FlyLice · 15/08/2024 18:59

Poor children. My mother always made sure we looked near and crisp. I do the same for mine.

Do you actually think children care whether their clothes are ironed?

JennyBG · 15/08/2024 19:01

My mother in law ironed everything…towels, socks, underwear, everything. I hate ironing, but, I also hate un-ironed clothes as I think it looks slovenly to walk around in creased clothing. Clothes are an indication of how we are as people and creased clothing says lazy. Just my opinion of course.

kkloo · 15/08/2024 19:03

Oldtigernidster · 15/08/2024 18:58

Perhaps because I like doing things for my DH and he appreciates that I do (and vice versa) even though it might put me out a bit makes me wonder why others don’t feel that way. It might not be her ‘job’, more a question of simply doing something to please someone she loves.

This is just one thing that she doesn't want to do. Presumably she does lots of other things for him.

Why can't he do it to please someone he loves? She said she wasn't going to do it anymore and that she hates it, he should have said no problem babe!

Instead he decided to leave it all there and then moan about it, how deeply unattractive, I'm surprised she even managed to get pregnant because I'd be so turned off a man if he decided that I should do the ironing whether I liked it or not and that he was going to leave it there and moan at me about it in an attempt to get me to do the one thing I said I wasn't doing.

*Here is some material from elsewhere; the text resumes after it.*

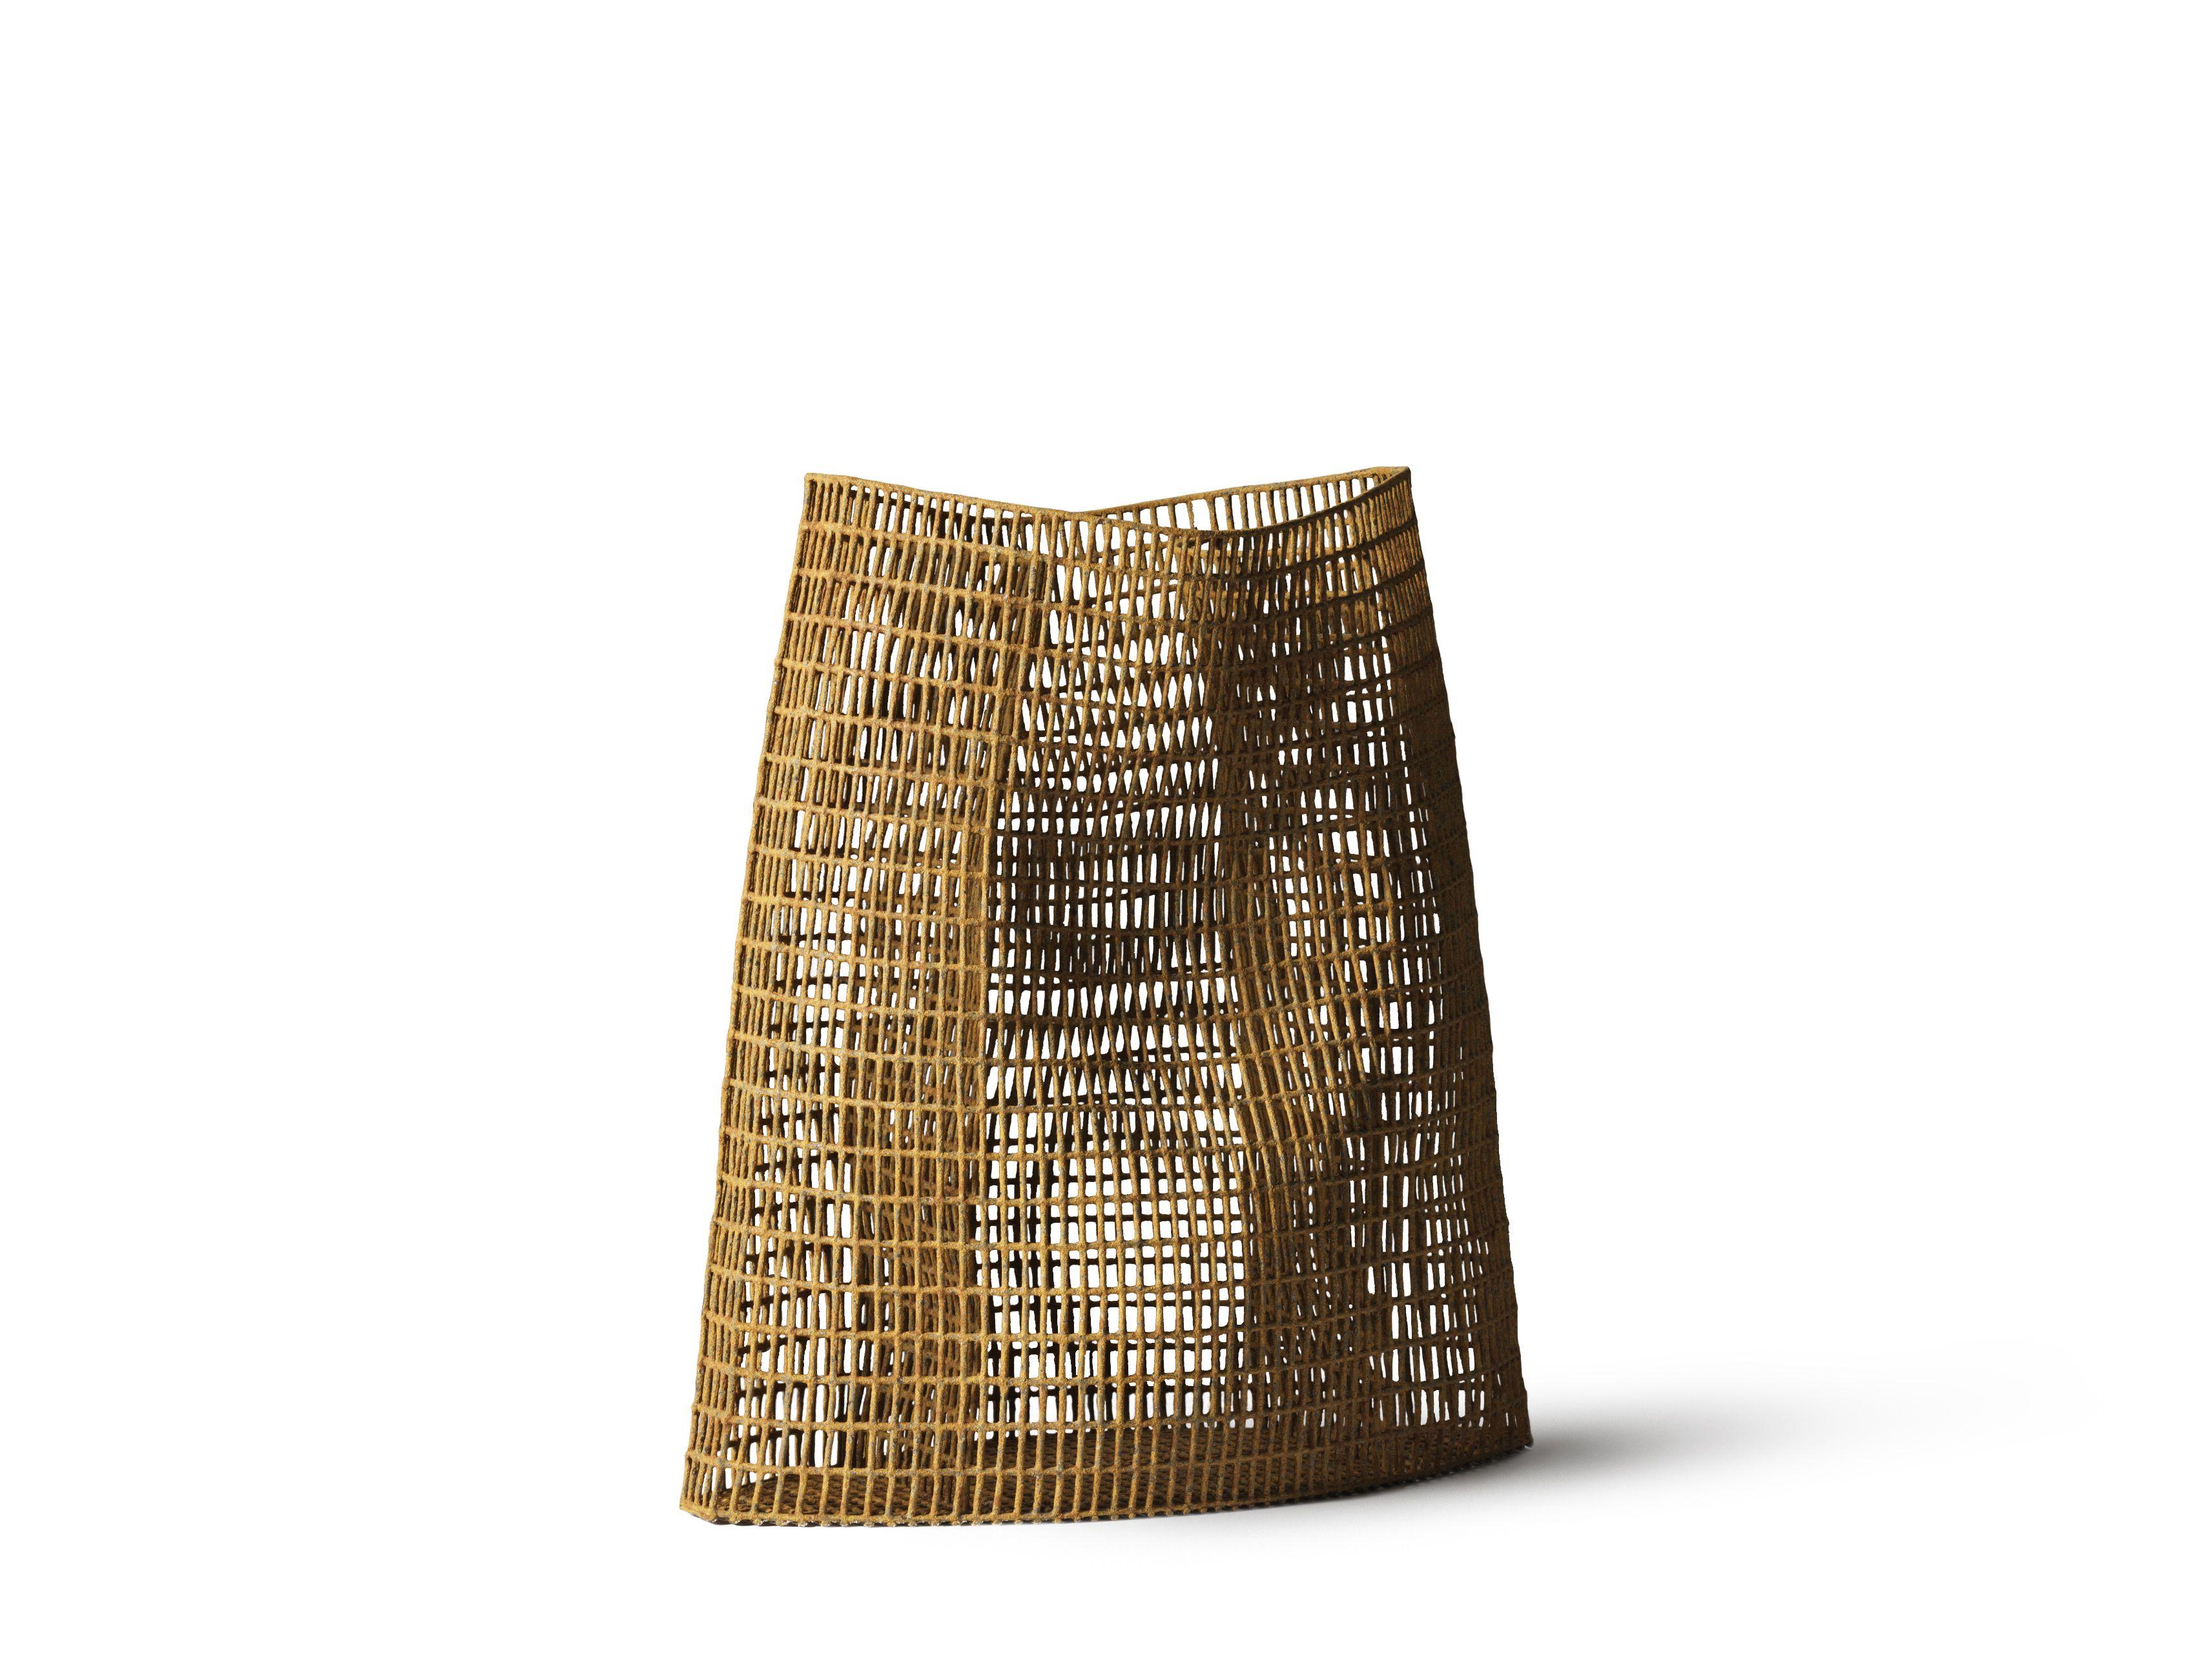 FinalistasLoewe Craft Prize 2019
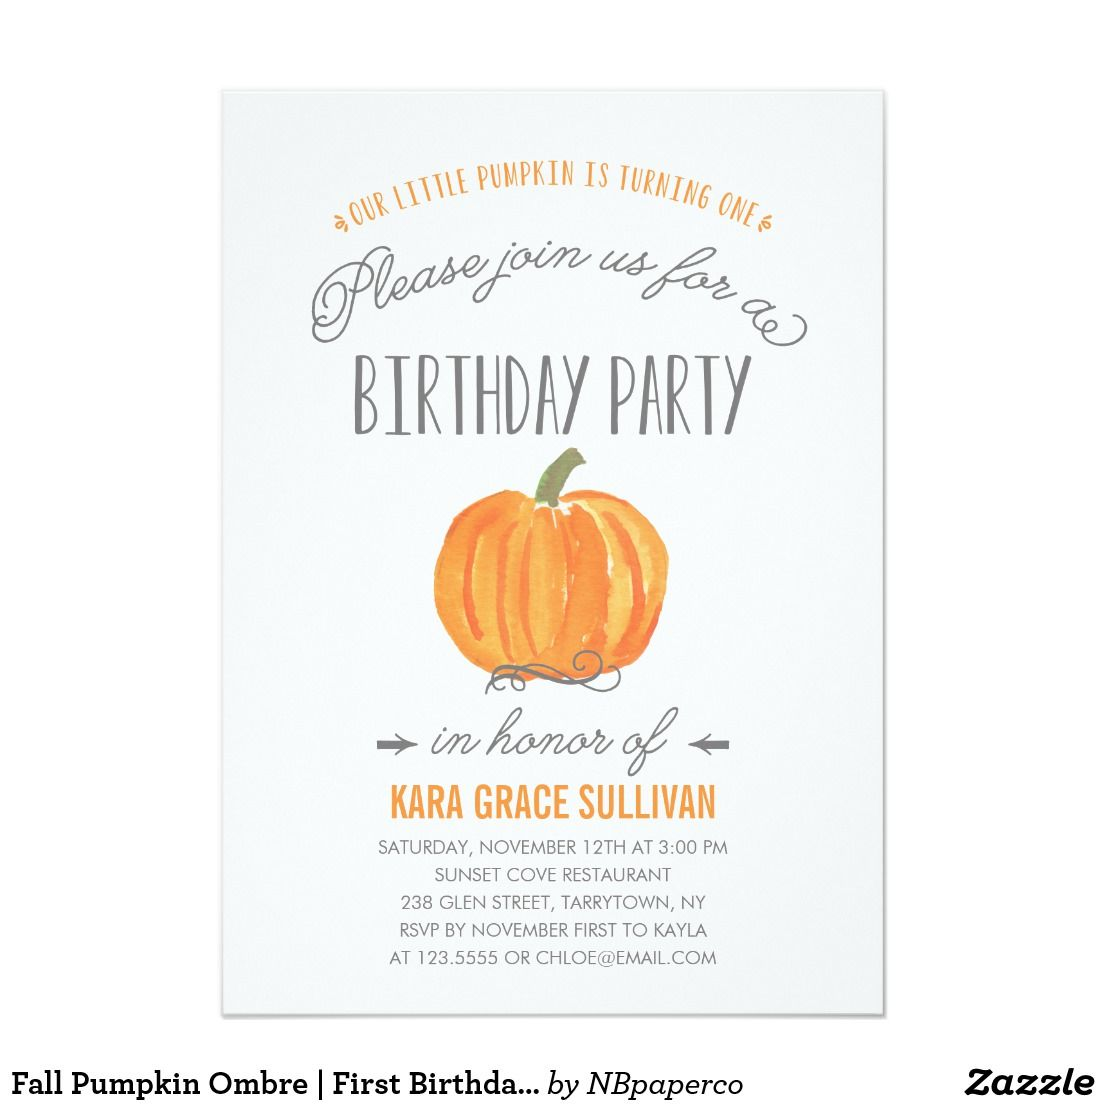 Fall Pumpkin Ombre | First Birthday Invitation

AllyArty · 15/08/2024 19:04

The only thing that really needs to be ironed are work shirts. Can’t you get 50% ironed professionally and split the rest between you and when you are buying shirts in the future spend an extra few quid and buy the non iron ones.

Viewfrommyhouse · 15/08/2024 19:05

Was SAHM for 10 years. I hate ironing, and never did any. It was outsourced.

kkloo · 15/08/2024 19:05

WotsYourExcuse · 15/08/2024 18:57

So presumably she'll be getting a full time job once the kids are in school?

Even if she did then no doubt some people on here would still think that she should do all of the housework because his job was more important.